## [ABOUT THIS EXERCISE]
Leave out the pictures and set down the rest of the listing below word for word.

## [INFORMATION SUPPLIED]
########

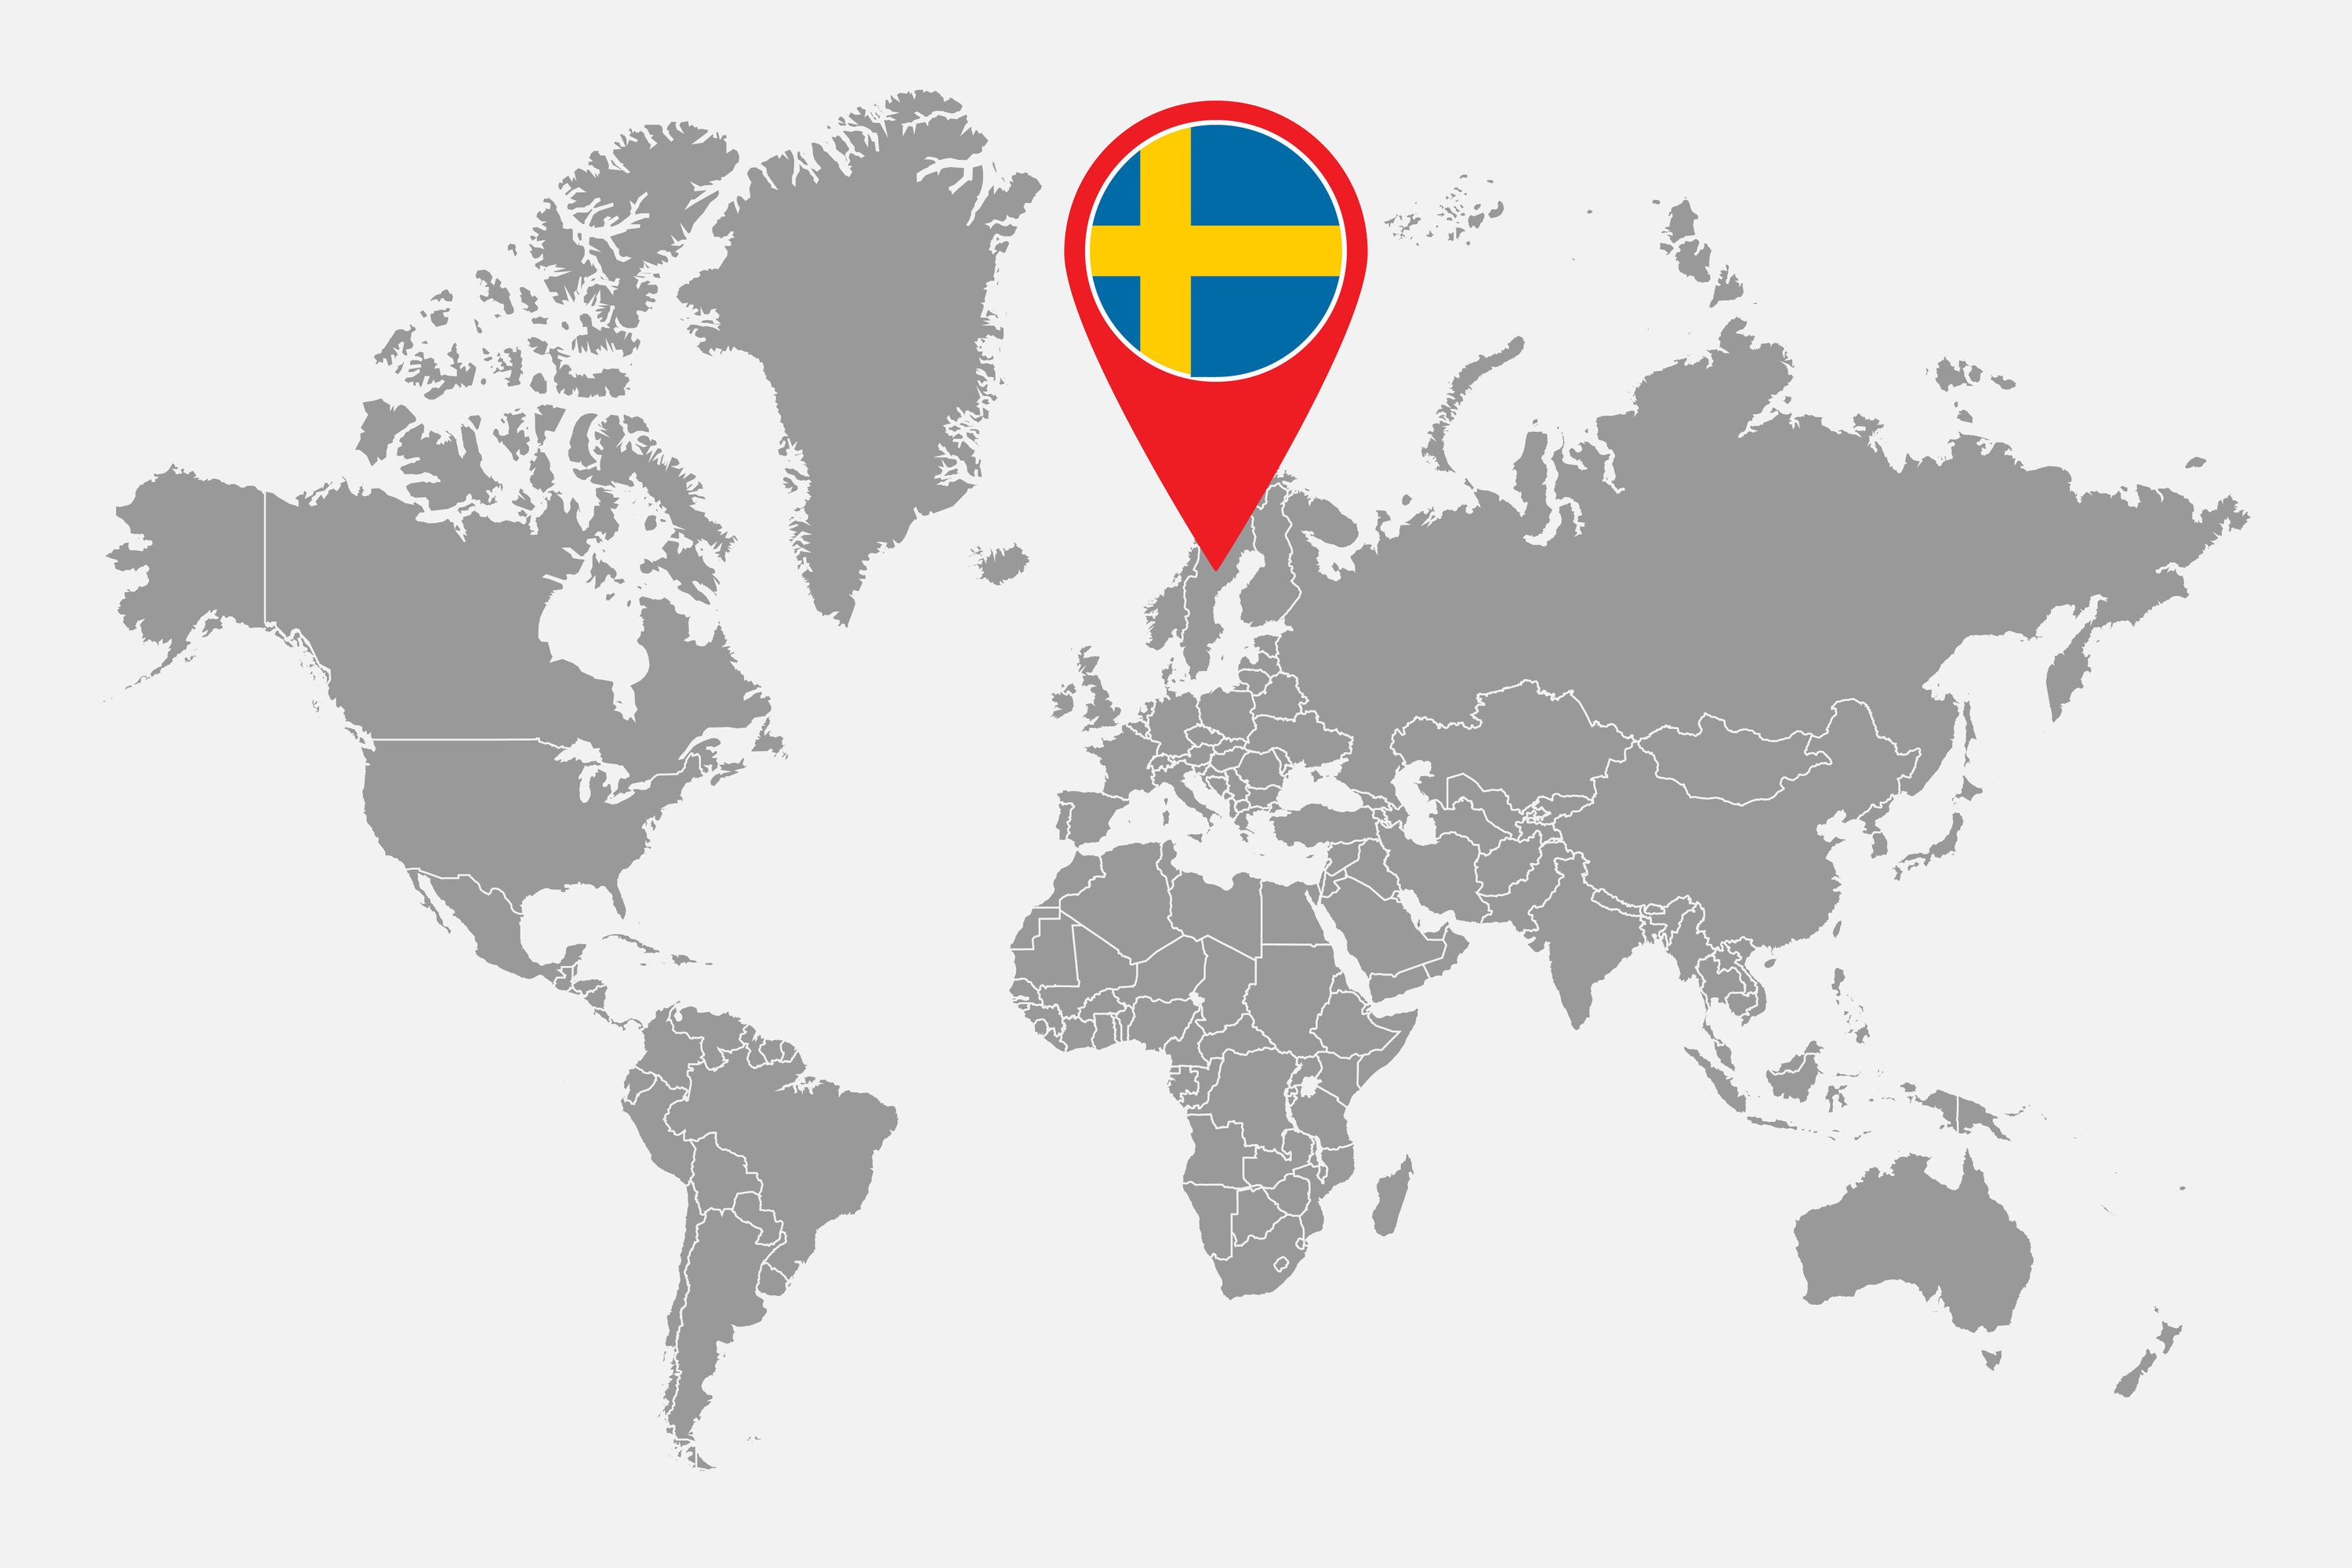 A world map with Sweden indicated
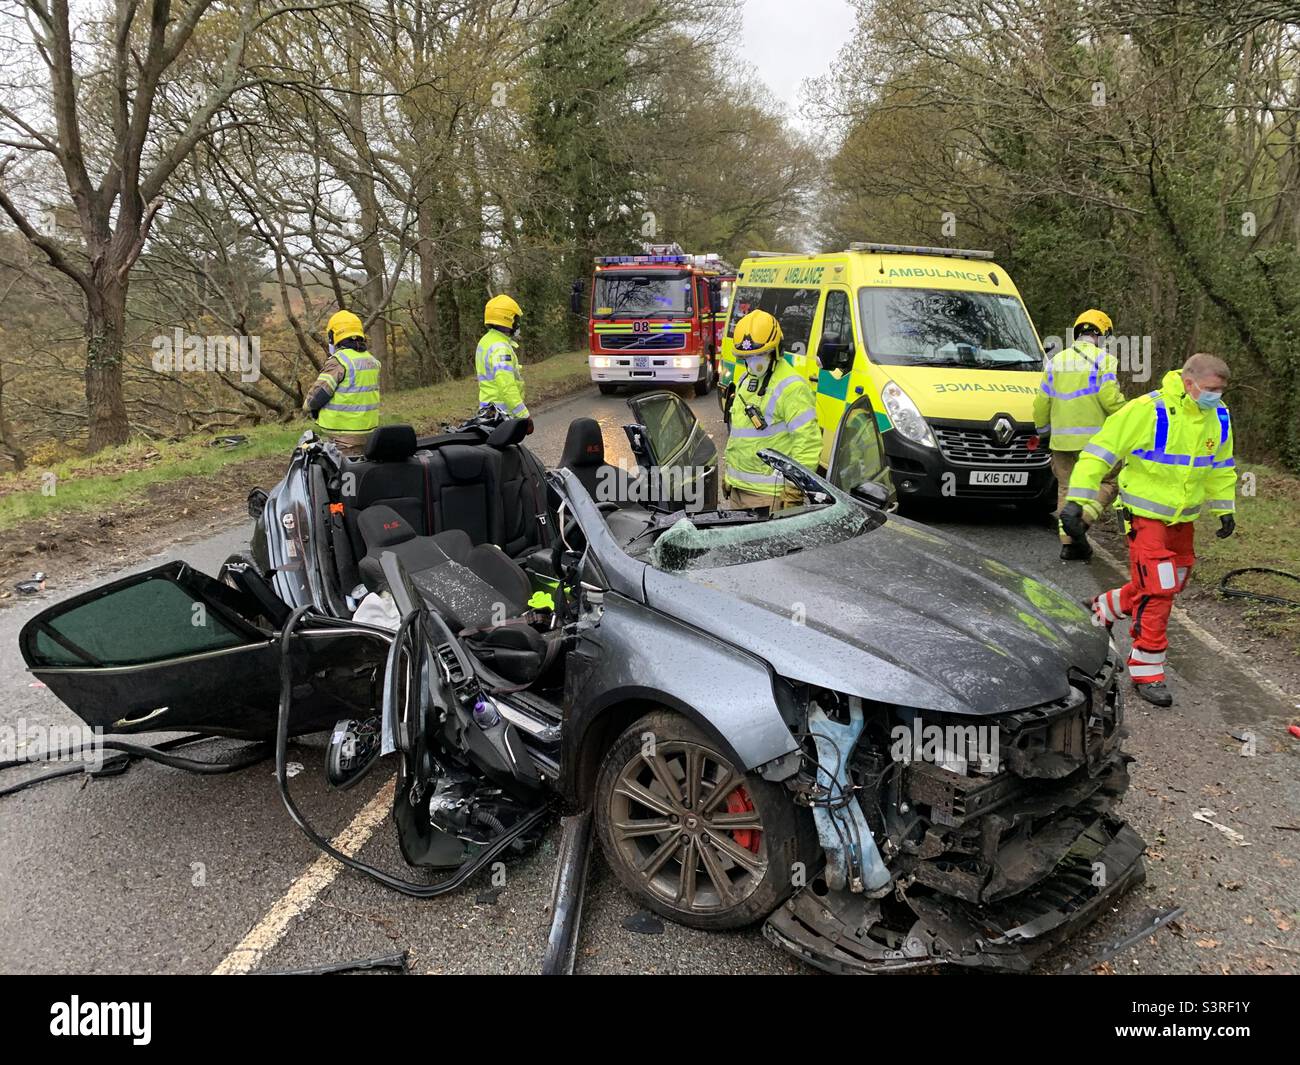 A car which is heavily damaged following a road traffic collision is surrounded by emergency service personnel. Stock Photo
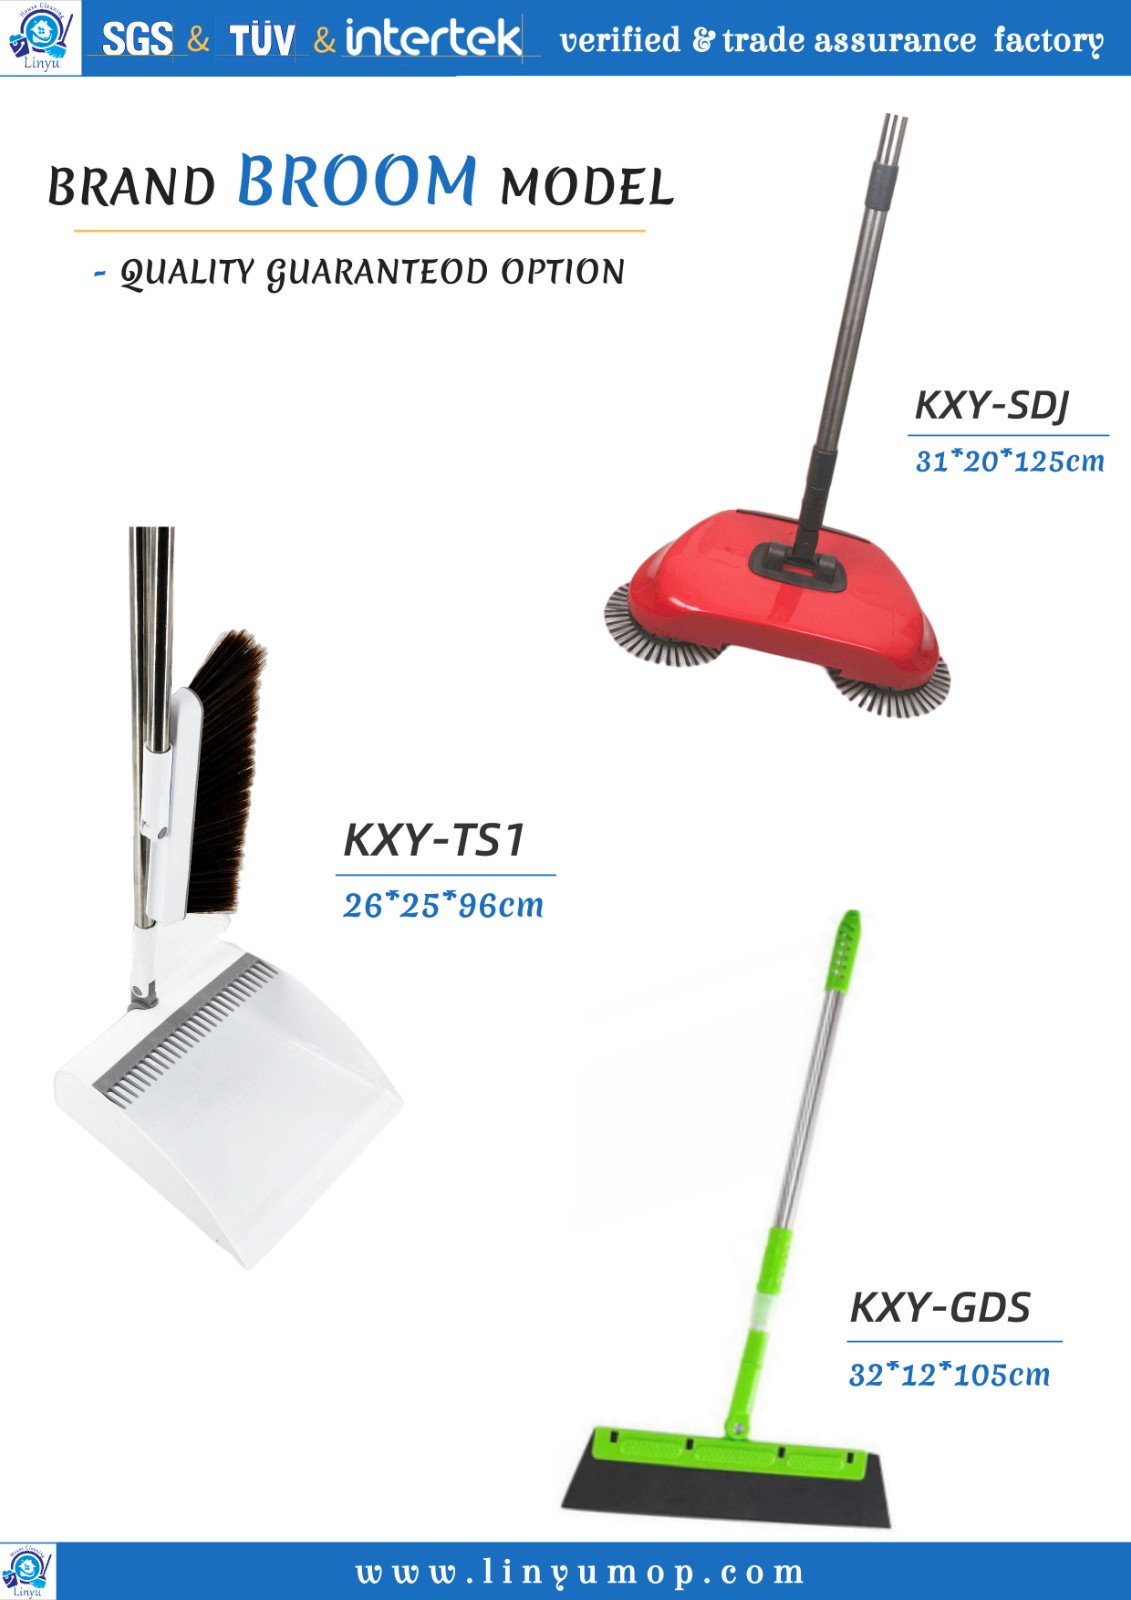 Which mop is best for home use?

########

## [TASK SOLUTION]
 A world map with Sweden indicated
 A car which is heavily damaged following a road traffic collision is surrounded by emergency service personnel. Stock Photo
 Which mop is best for home use?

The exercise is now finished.